Has the State of Delaware applied the statute arbitrarily to the plaintiff? He is not a medical doctor or a surgeon. He claims that he does not hold himself out as a physician. He contends that he does not diagnose illnesses, cure sickness or treat ill persons, that he merely sells his patented appliance, the Spectro-Chrome and therefore is not engaged in practicing medicine. He claims, none the less, as I have stated, that the Spectro-Chrome can "tonate" the "imbalance" of the body; that is to say, in medical phraseology, that the Spectro-Chrome applied in accordance with his teachings will cure disease. Thus, although the plaintiff claims to be a mere purveyor of machines, he in effect prescribes methods of treatment for disease. It is immaterial that he disdains the conventional words, "disease" and "cure", and that he disavows the profession of a doctor though making use of the letters "M.D. (Honorary)" after his name. He offers Spectro-Chrome-Metry as a substitute for medicine for the cure of disease. Since he was not licensed by the State of Delaware he was acting in violation of the statute prohibiting the practice of medicine without a license and his prosecution and conviction did not deprive him of his right of freedom of speech without due process of law.
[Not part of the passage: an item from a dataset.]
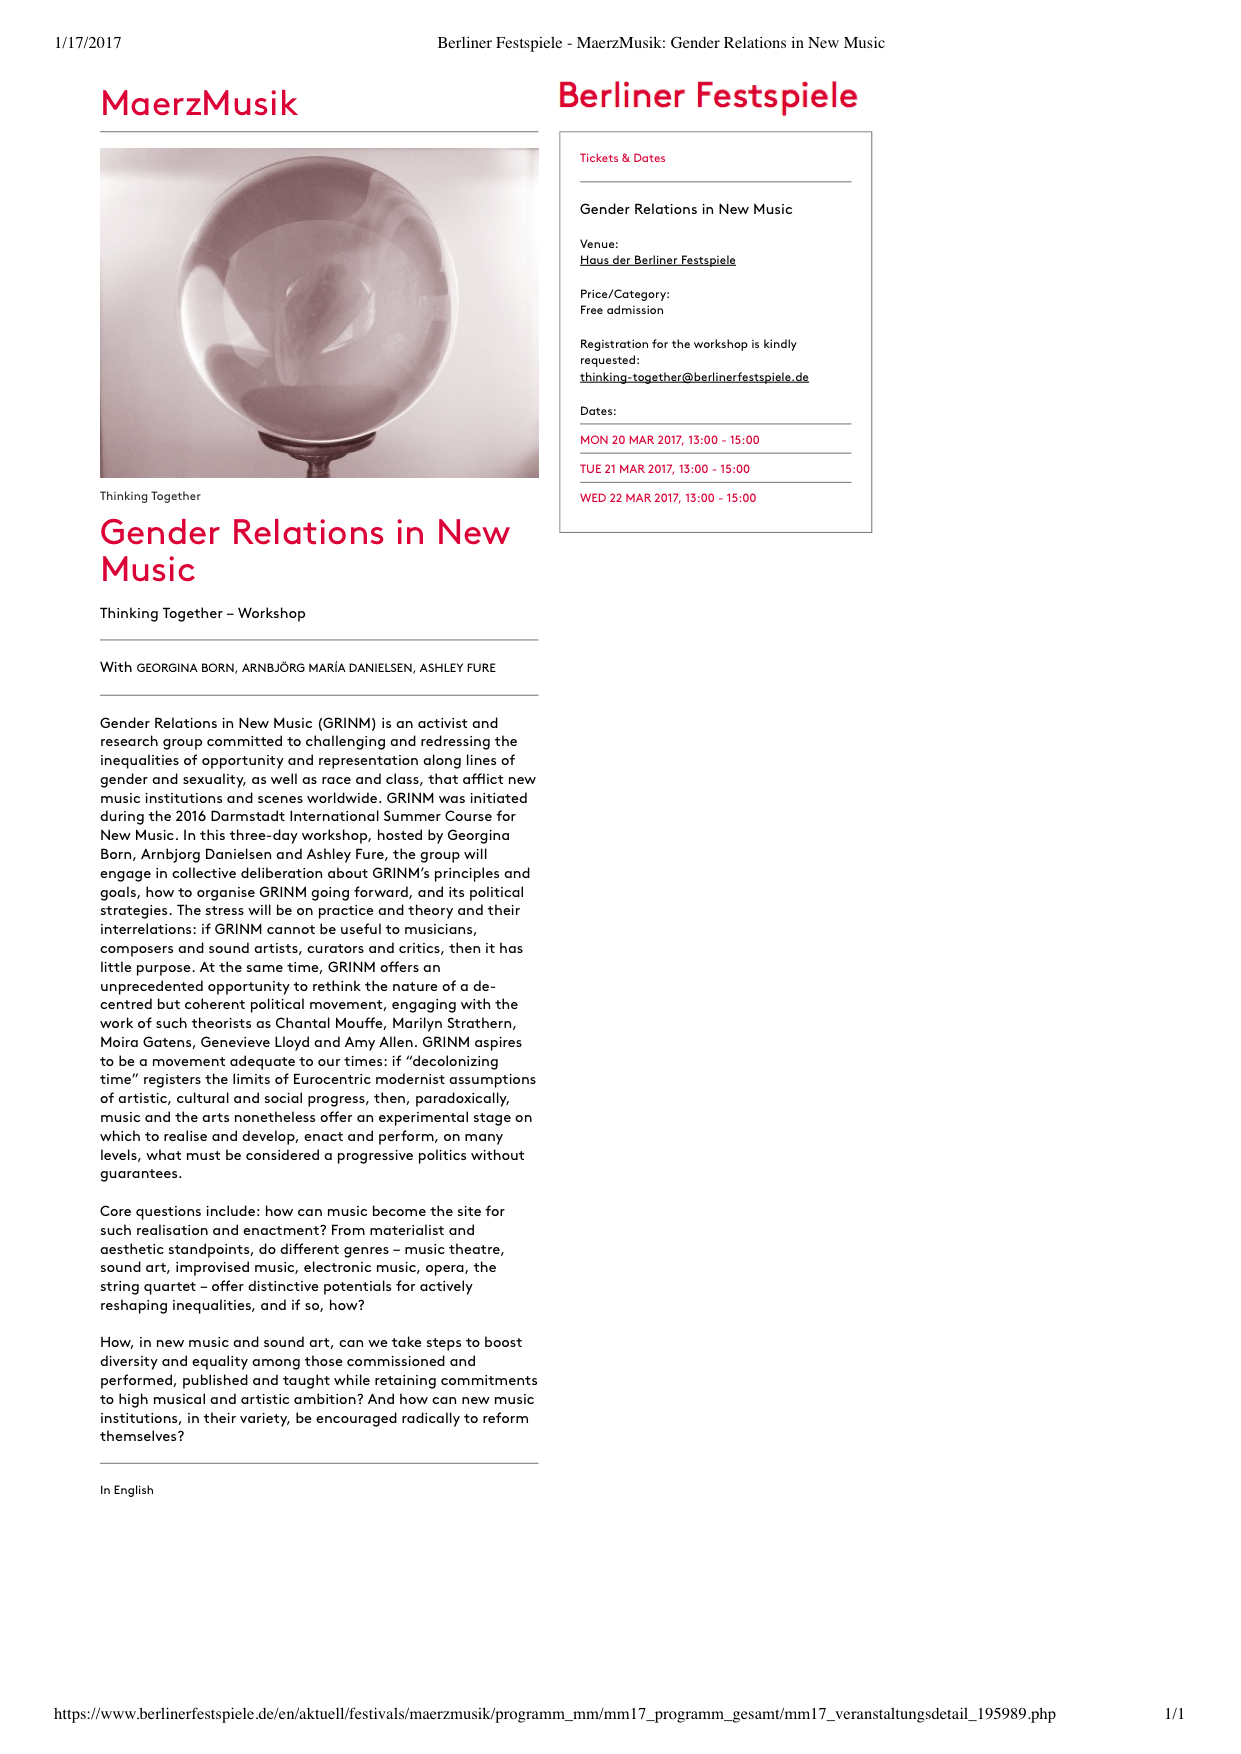 Preview of “Berliner Festspiele - MaerzMusik- Gender Relations in New Music”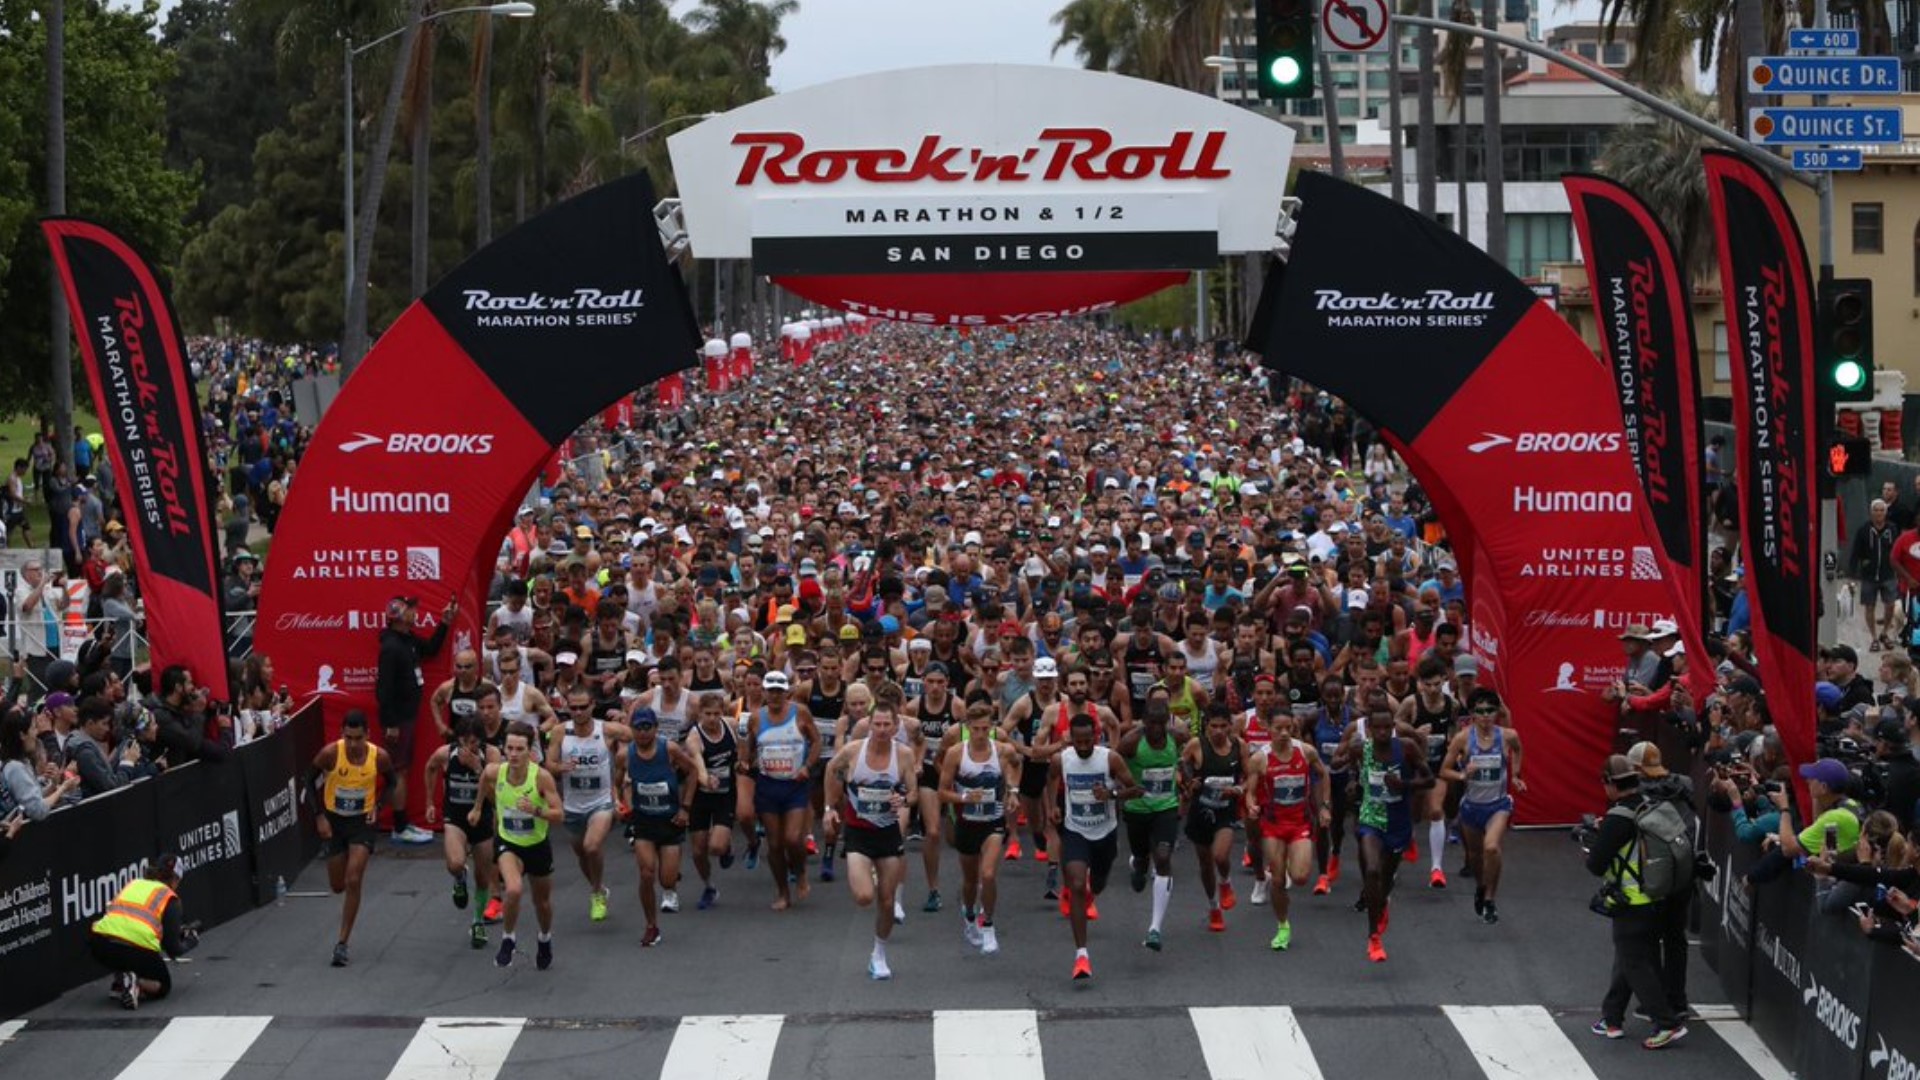 Runners hit San Diego streets for Rock 'N' Roll Marathon

Upon the witness stand in the case at bar the plaintiff testified that if he were relieved of the threat of future criminal prosecution he intended to proceed in Delaware as heretofore, except in two particulars. He stated that he would not make use of the letters "M.D." after his name or refer to himself as a doctor. He testified also that he no longer sold Spectro-Chromes; that he would pursue in the State of Delaware the same course as he followed in other states of the United States. This consists of charging each of his students $90 for his lectures. Of this sum the plaintiff concededly receives $10 as his own. He then "gives" each student a Spectro-Chrome and the three volumes of the Spectro-Chrome-Metry Encyclopaedia. If he were permitted to pursue this course in the State of Delaware, he would still be practicing medicine within the purview of the statute and properly could be subjected to criminal prosecution.
I find the statute to be constitutional. Its application to the plaintiff was lawful.
What has been said renders it unnecessary to discuss the application of Section 265 of the Judicial Code, 28 U.S.C.A. § 379, to the circumstances of the case at bar or the ruling of the Supreme Court in Toucey v. New York Life Ins. Co., 314 U.S. 118, 62 S.Ct. 139, 86 L.Ed. 100, 137 A.L.R. 967.
The amended complaint will be dismissed with costs against the plaintiff.
Findings of fact and conclusions of law are filed with this opinion in accordance with Rule 52 of the Federal Rules of Civil Procedure, 28 U.S.C.A. following section 723c.
A decree may be submitted in accordance with this opinion.